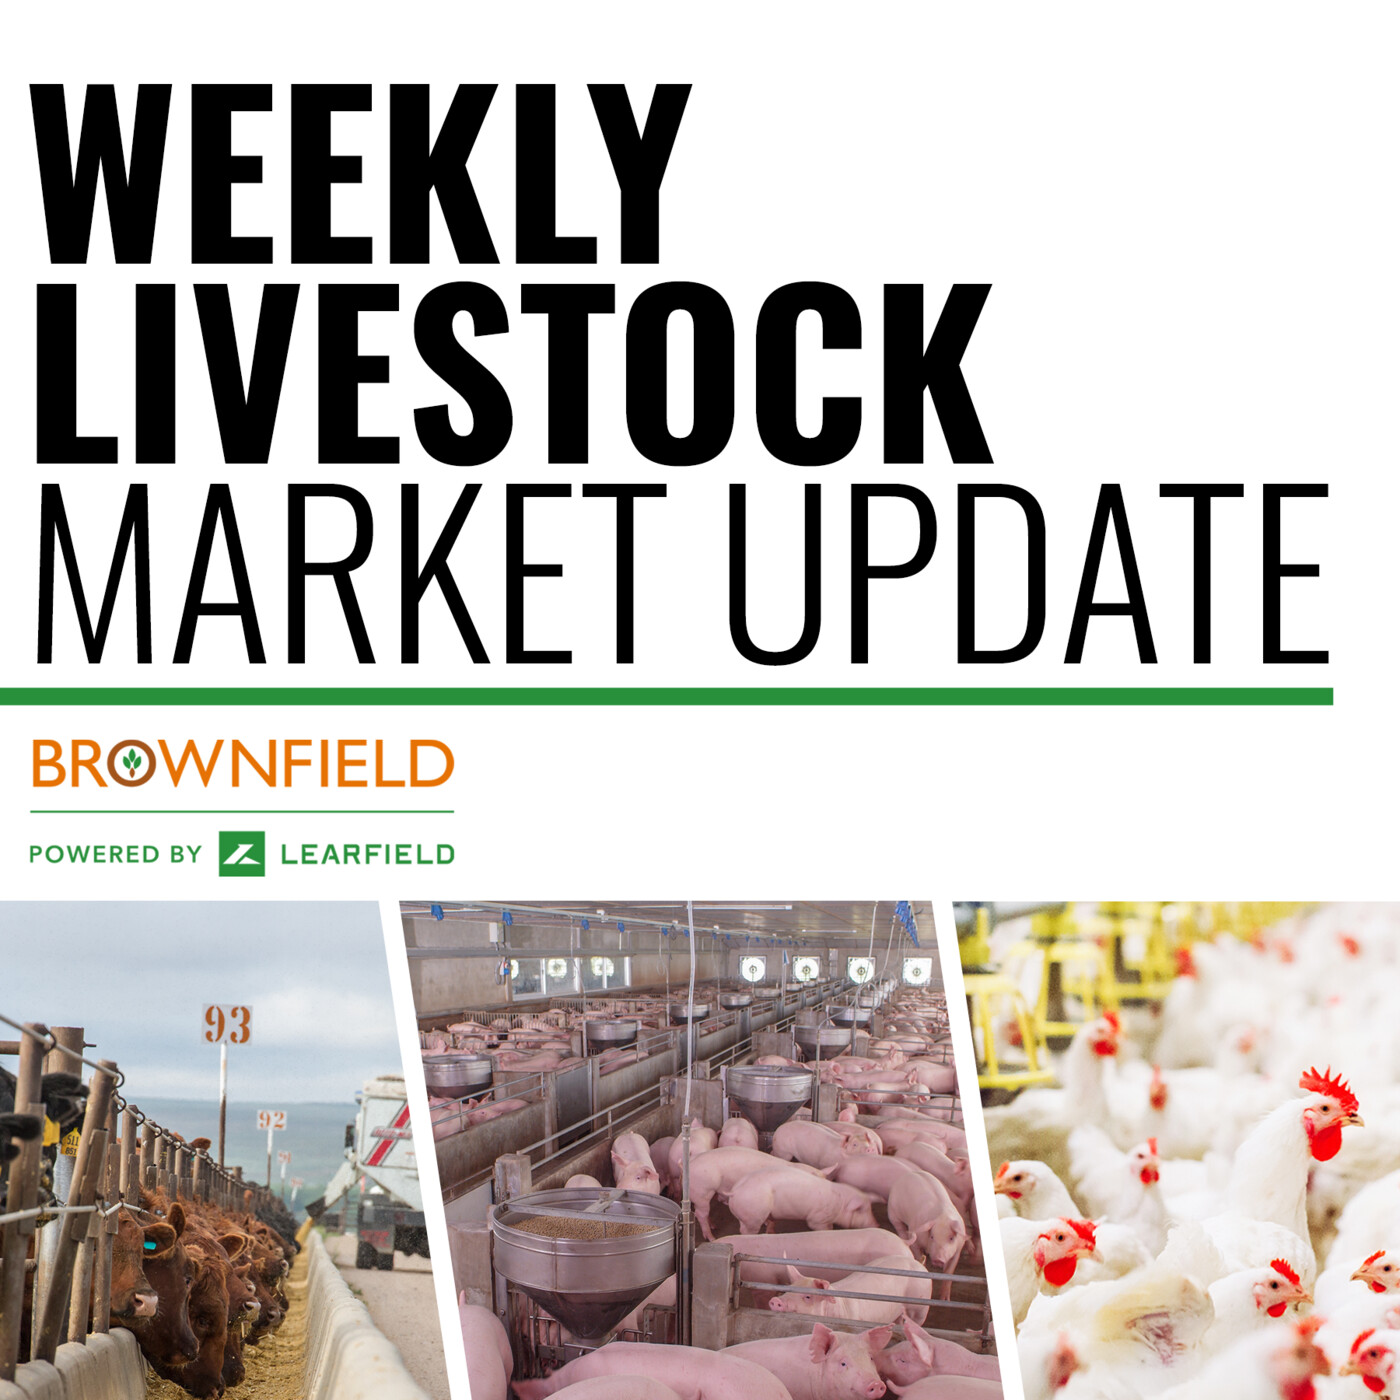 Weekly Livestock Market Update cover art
------------------------------------------------
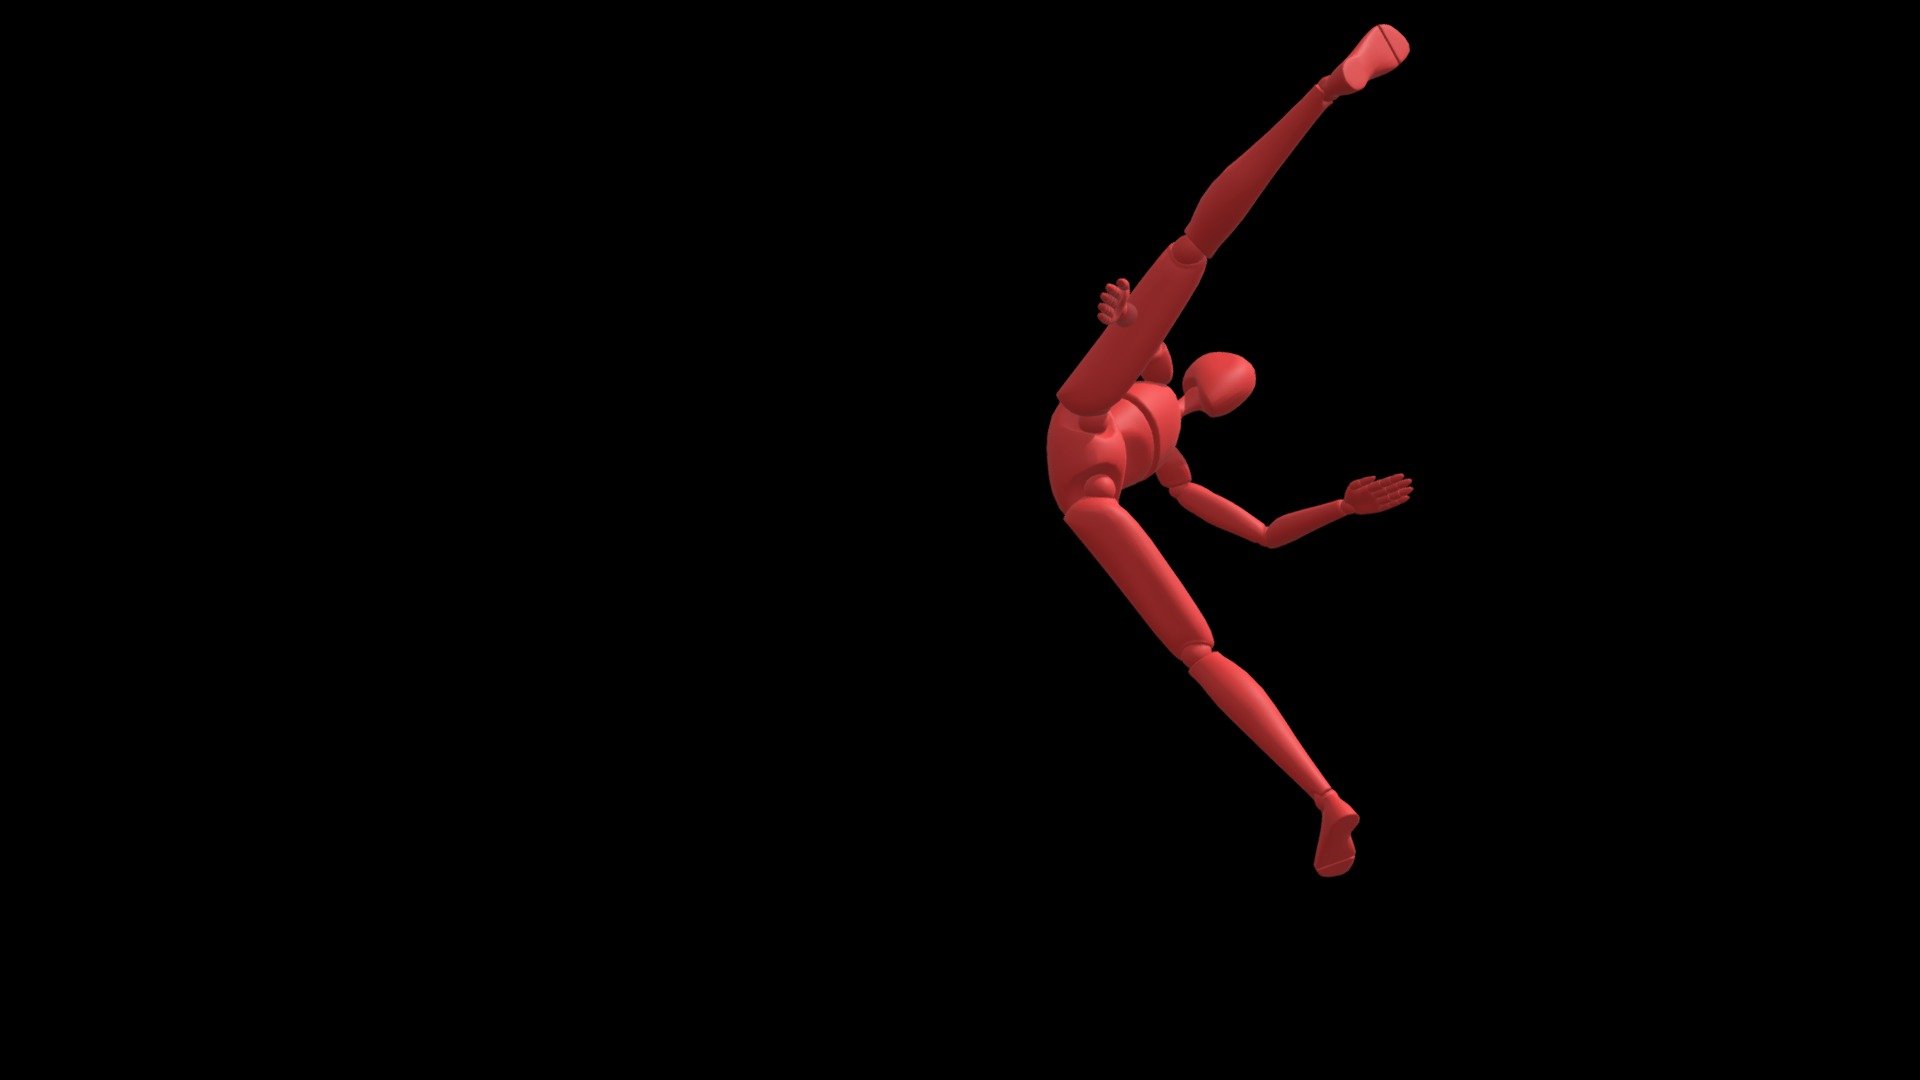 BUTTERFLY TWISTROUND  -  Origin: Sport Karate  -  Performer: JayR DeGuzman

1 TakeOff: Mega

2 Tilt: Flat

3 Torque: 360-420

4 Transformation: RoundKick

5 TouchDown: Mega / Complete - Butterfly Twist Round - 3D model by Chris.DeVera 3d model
------------------------------------------------
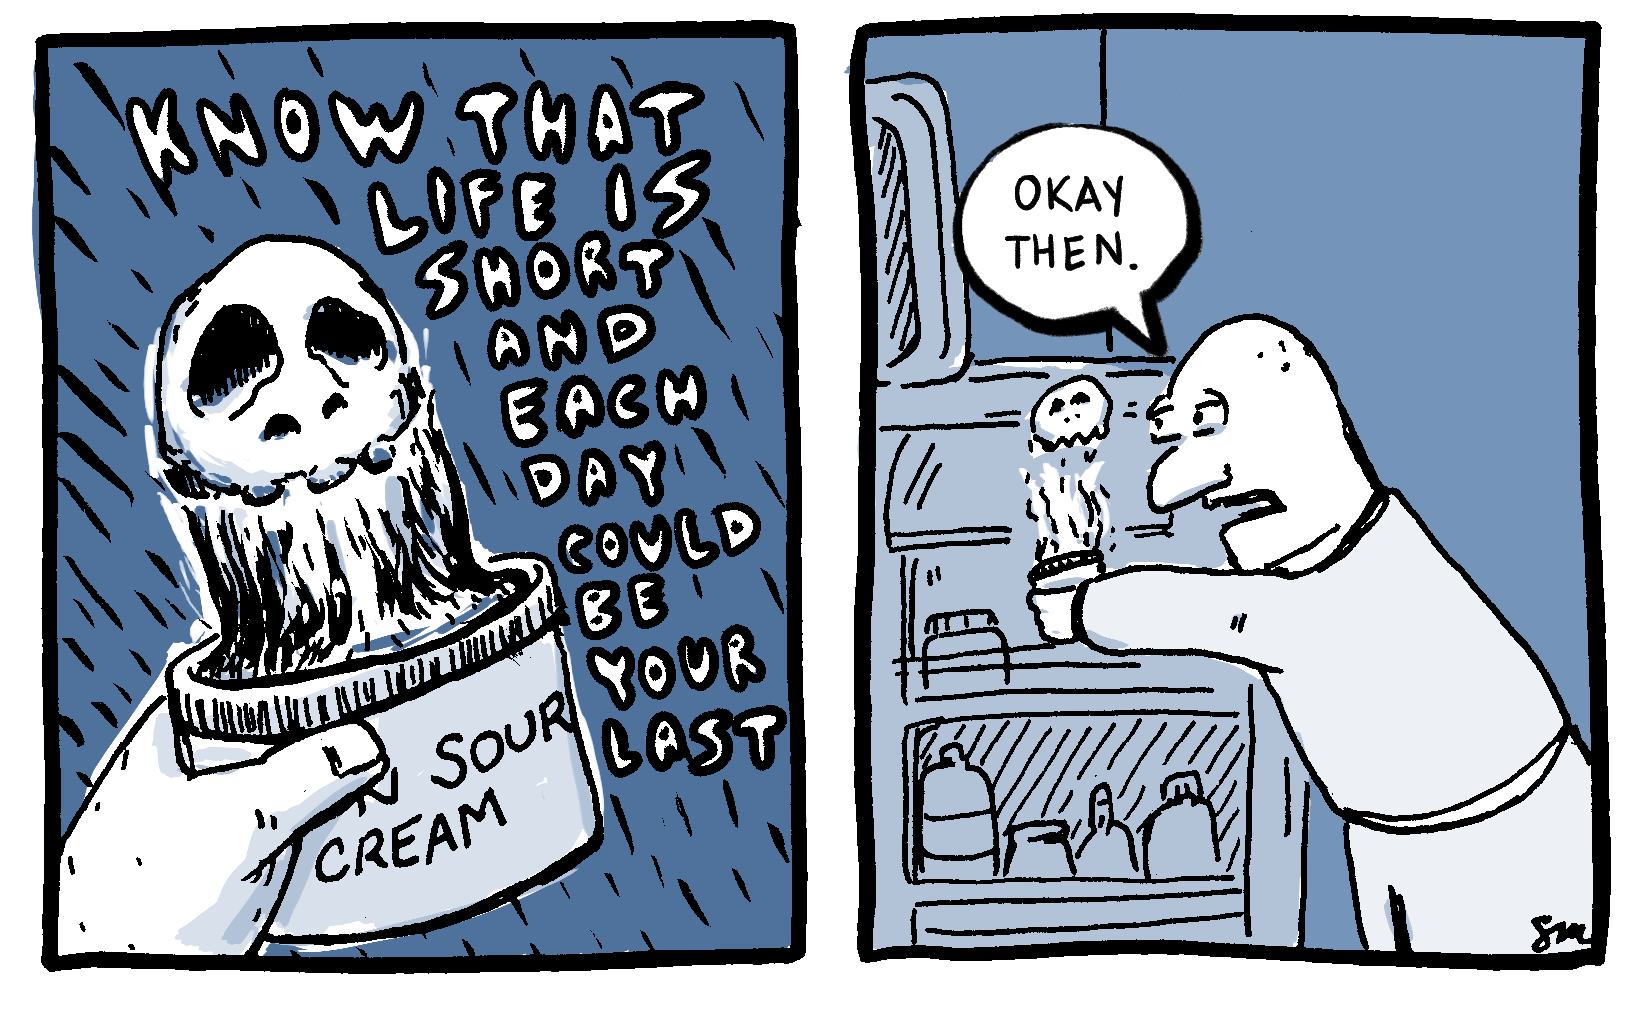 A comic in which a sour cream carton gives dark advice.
------------------------------------------------
Reproduce the data above exactly, but only from the line containing "Performer: JayR DeGuzman" through the line containing "5 TouchDown: Mega"; skip the pictures.

**EXERCISE OUTPUT**:
 BUTTERFLY TWISTROUND  -  Origin: Sport Karate  -  Performer: JayR DeGuzman

1 TakeOff: Mega

2 Tilt: Flat

3 Torque: 360-420

4 Transformation: RoundKick

5 TouchDown: Mega / Complete - Butterfly Twist Round - 3D model by Chris.DeVera 3d model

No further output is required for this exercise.